To be sure, the geographical movement of material creates a profound transformation in both iterations of  Invisible Architectural Fact. The works exist in a permanent states of displacement, forever foreign to their locations while simultaneously becoming integral to their adopted architectural fabric. The material undergoes a change of state from visible to invisible, from documented process to hidden presence.

The drawing works in the exhibition  engage with different kinds of state change—transformations that are temporal, perceptual, and ontological.

My punctuation is my breath 2019
graphite and charcoal on paper
15 x 23 cm each (12 parts)

My punctuation is my breath (2019) is a twelve-part drawing sequence that engages with the literary legacy of Clarice Lispector, the Brazilian writer who conceptualised literature as process, an arduous mode of searching rather than resolution. Self-identified as an anti-writer, Lispector's work interrogated structures of power and gender through attention to subjective interiority.

In this work Lispector's image moves through states of visibility, progressively obscured by the very breath that enables her literary voice. The work charts a movement from presence to absence, where each drawing represents a state in this process. The form of the drawing charts a movement from presence to absence. The recurring image of Lispector at her typewriter becomes increasingly obscured by her own breath— a contradictory and seemingly ironic gesture that keeps the momentum of the drawing moving forward whilst at the same time effacing the drawing, reflecting the writer's, and the artist’s, complex relationship with language and meaning.

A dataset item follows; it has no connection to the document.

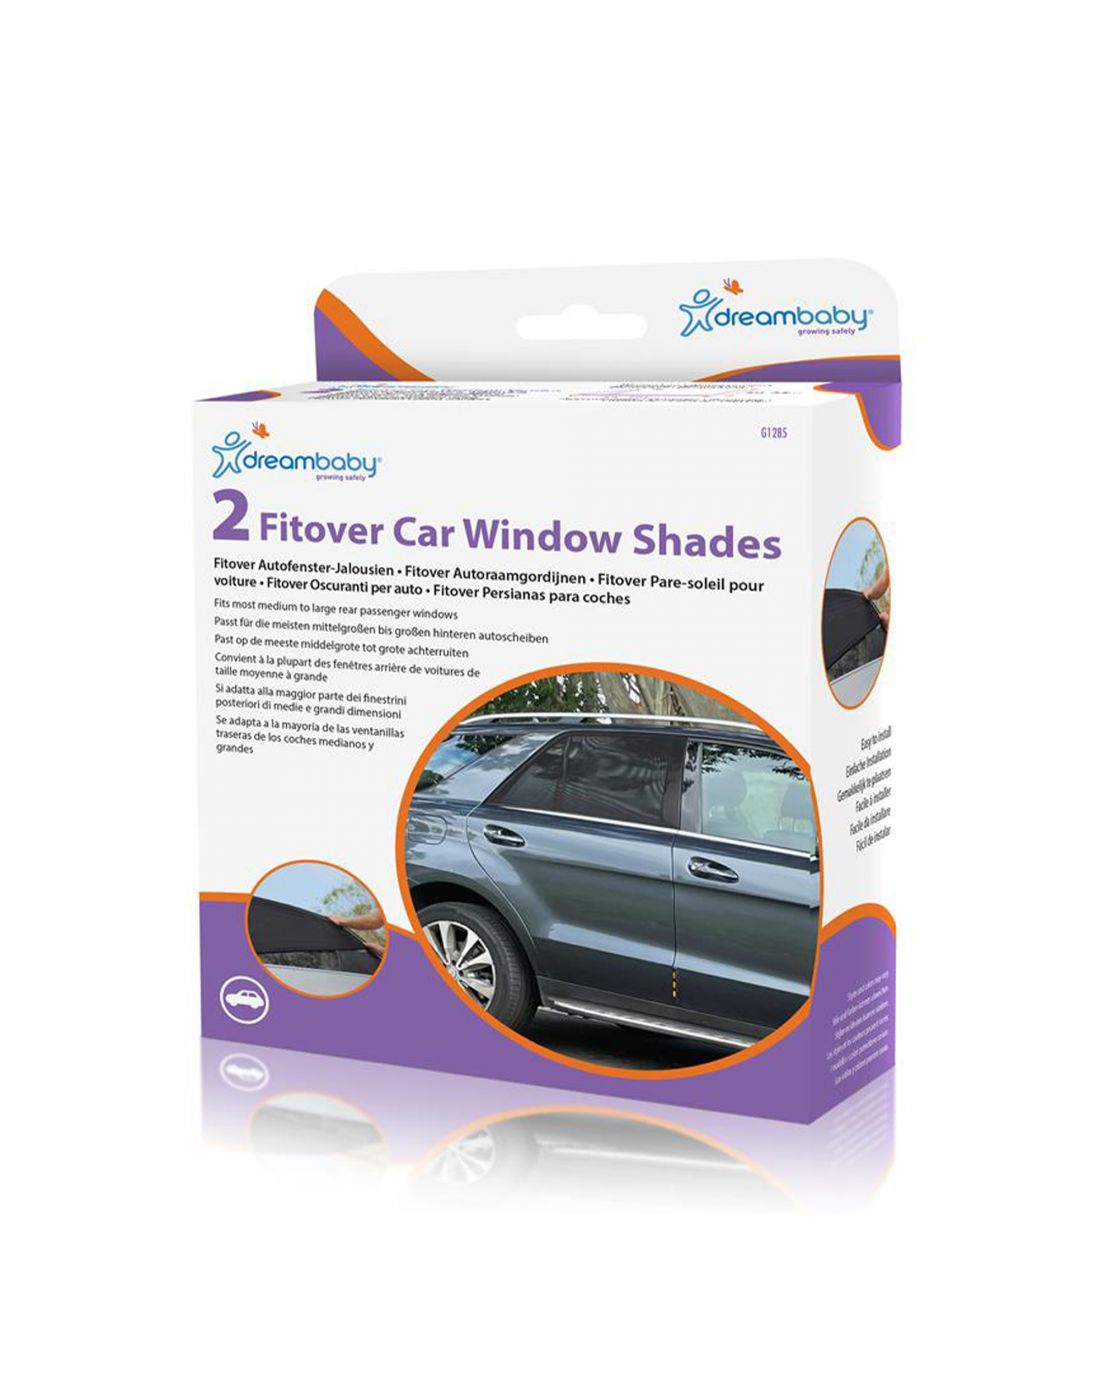 Dreambaby Fitover Car Window Shades 2 pieces

It is to the air that I dedicate myself 2018
graphite and charcoal on paper
23 x 15 cm each (12 parts)

It is to the air that I dedicate myself (2018) takes as its starting point French pilot Raymonde de Laroche, the first woman to receive a pilot's licence and a pioneer in testing early powered aircraft. An actress, artist, and sportswoman, de Laroche spoke of her ethereal connection to flight, declaring shortly before her death in a 1919 accident: "It is to the air that I dedicate myself."

Working from a single photograph of de Laroche taken at the scene of her death, each drawing incrementally zooms in, moving from representation toward abstraction. Through this process, drawing both challenges the authority of the original photographic document and evokes de Laroche's poetic, immaterial relationship to flying. Each incremental zoom represents a change of state—from representation to abstraction, from the weight of historical documentation to the lightness of poetic interpretation. De Laroche's dedication "to the air" becomes a literal dissolution into abstraction, her physical form gradually giving way to the immaterial realm of the air that she claimed as her domain.